At market close on 15 December, the Tesla’s market cap ($606.5 billion) surpassed that of Toyota, General Motors, Daimler, VolksWagen, BMW, Honda and Ford combined ($578.2 billion)! This underscores yet again the power of market trends and the momentum investing strategy. Let’s have a brief look at the way this shaped up.

While the S&P 500 appreciated by almost 300% over the last ten years, car manufacturers haven’t been a great investment. For every dollar invested in Toyota, you’d have about two today. If you were unlucky to invest in Ford Motor Co, your investment would be worth just over half. With most of the others, you’d be about even. Then there’s Tesla which went up 120 times over this same period. Here’s the picture, on logarithmic scale (else other manufacturers’ stock prices look like a bumpy flat line):

Although Tesla’s valuation would be hard to justify on any rational basis, the undeniable reality before us is that Tesla has massively outperformed its peers – a trend that’s held throughout the past decade. If you had the wisdom and the foresight to invest in Tesla and hold it for ten years, you would have done extremely well. But who has such wisdom and foresight? Probably not very many people. However, if you sought to systematically pick the best performing stocks and invest in them regardless of what you thought about the companies in question, their valuation, products or their management teams – there you’d be on to something… This is what’s called momentum investing.
The power of momentum investing: empirical evidence
Tesla’s ascent was not an anomaly but only a fresh, if spectacular, case of the recurring theme: that markets move in trends. When trends get going in earnest, they often eclipse all our notions about rational asset valuation, both on the upside and on the downside: think of things like Bitcoin and Palladium or stocks like Amazon, Microsoft, Facebook, Tencent and others. Momentum investing, a variant of trend following, seeks to systematically pick such ascendant stocks and hold them for as long as they outperform. How well does this strategy perform? It performs remarkably well.
A very extensive empirical study covering over a century of data showed just how well momentum investing performs. London Business School researchers Elroy Dimson, Paul Marsh and Mike Staunton analyzed stock market price history starting from 1900. They constructed investment portfolios by selecting 20 top performing stocks in the previous 12 months from among UK’s 100 largest publicly trading firms, and compared their performance to portfolios of 20 worst performers, re-calculating the portfolios every month.
They found that lowest-performing stocks would have turned £1 invested in 1900 into £49 by 2009. By contrast, the top performers would have turned £1 into £2.3 million,[1] a 10.3% difference in compound annual rate of return.

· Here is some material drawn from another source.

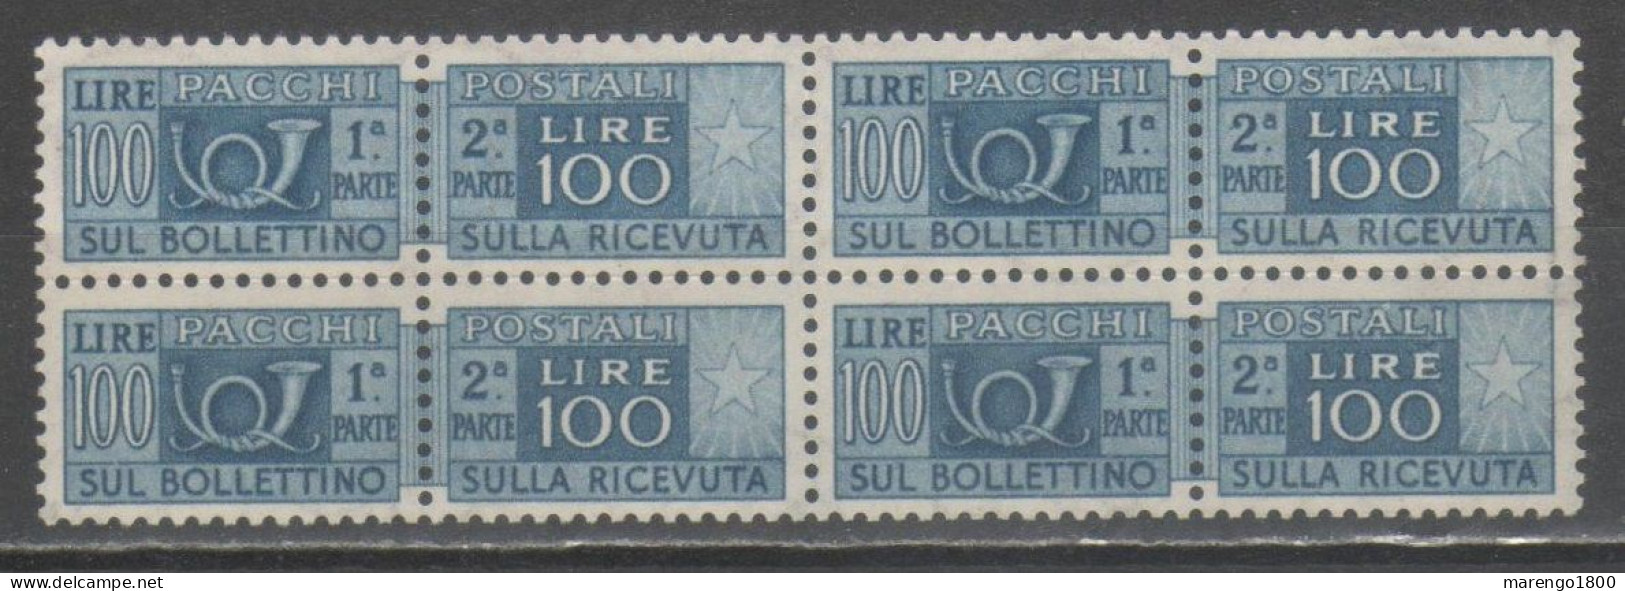 ITALIA 1946 - Pacchi 100 L. ** Quartina (2 Scan - Gomma Scura)             (g9640) - Pacchi Postali
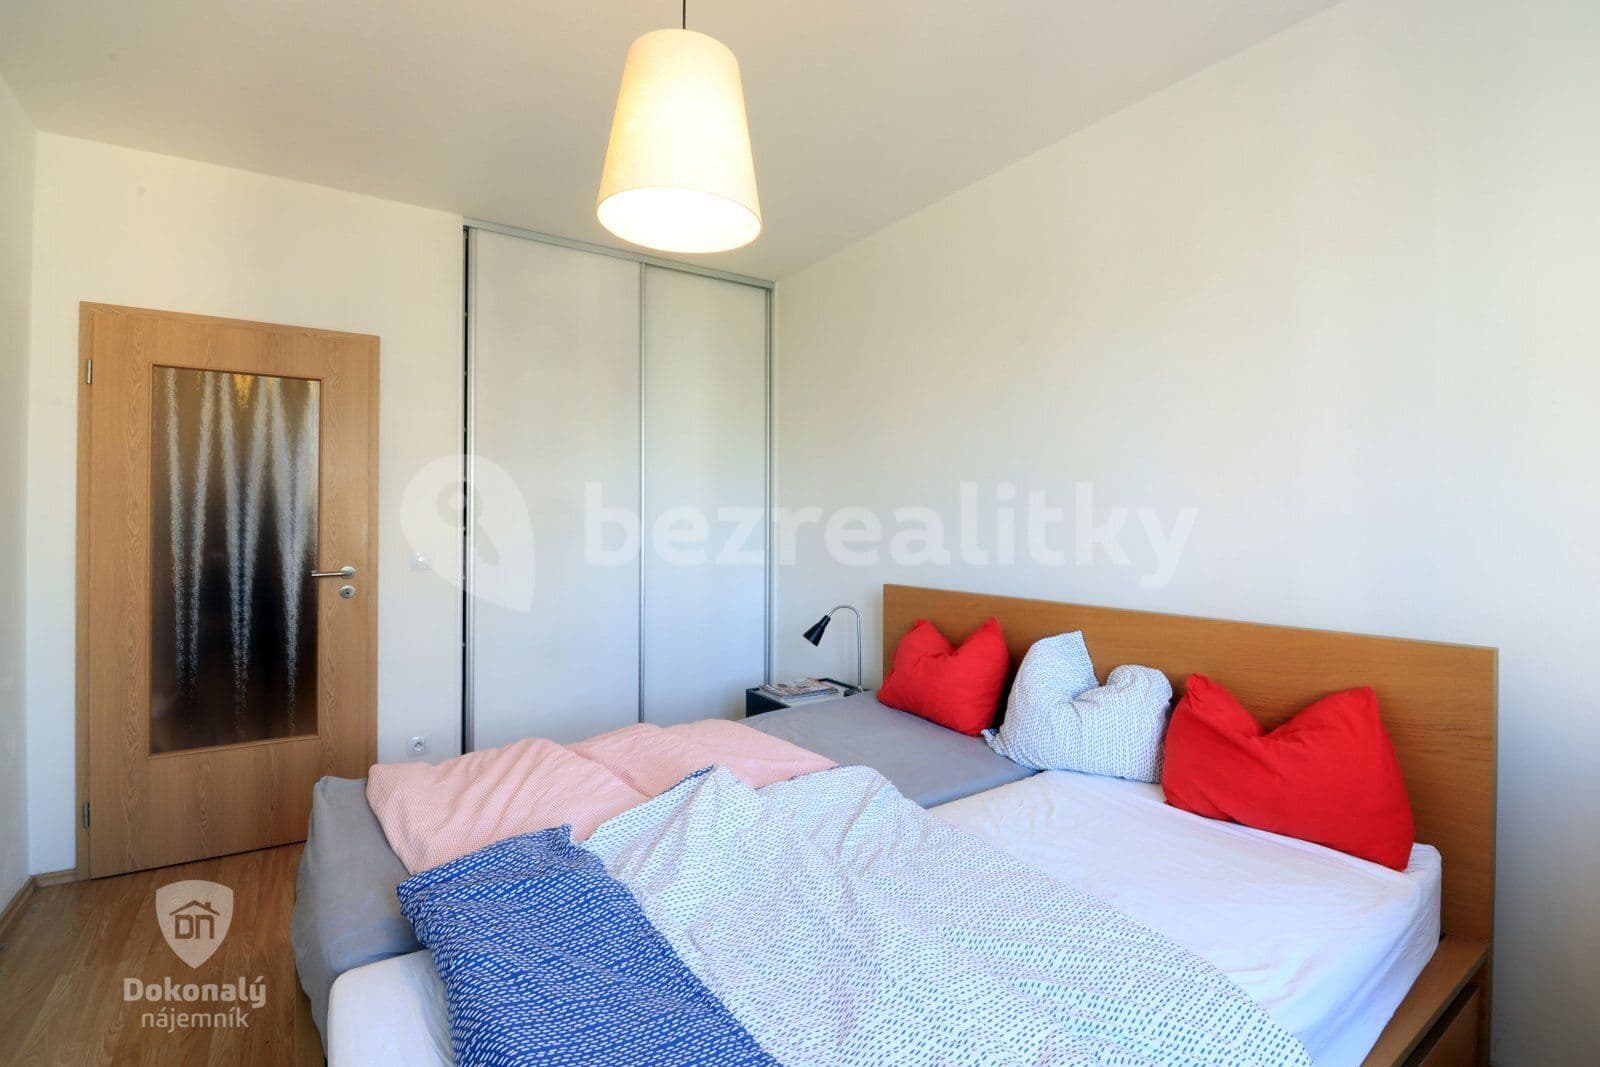 1 bedroom with open-plan kitchen flat to rent, 56 m², V dolině, Prague, Prague

The gap between investments in best and worst performing stocks was even wider when data from the entire London stock market was taken into account. From 1955 onward, the top performers generated an 18.3% compound annual rate of return vs. 6.8% return for the laggard stocks. Dimson, Marsh and Staunton found that the strategy was “striking and remarkably persistent” as it proved successful in 17 out of 18 global markets studied with data going back to 1926 for America and to 1975 for larger European markets. The only exception was Japan, where the results were based on post-2000 data.[2]
The significance of the Dimson, Marsh and Staunton study is that it has provided some of the most compelling evidence for the case that market trends represent the most potent driver of investment performance over the long term.
The trend follower’s and momentum investor’s advantage is that he does not need to exert himself intellectually to determine the right valuations at which to buy or sell assets. Loud and clear, the markets themselves communicate to us which assets are in favor and which in disfavor. For many investors this may seem too simplistic, but the evidence supporting this approach is extensive and robust. Even Warren Buffett and Benjamin Graham, the very icons of value investing owe their outperformance to momentum investing rather than superior value picks. If you are sceptical of this claim, I trust you’ll find my analysis hard to refute: Why Trend Following Beats Value Investing.
The above is a partial excerpt from my book “Mastering Uncertainty in Commodities Trading”
Momentum investing portfolios are one of the turn-key portfolio solutions we propose to asset management organizations – for more information, please see here.
Notes:
[1] These figures correspond to the outcome at the end of 2009, following the 2008 market crash. At the close of 2007, the figures were even more impressive: the portfolio of winners generated a compound annual rate of return of 15.2%, turning £1 invested in 1900 into more than £4.2 million. The portfolio of worst performers would have returned only 4.5% a year, turning £1 into £111.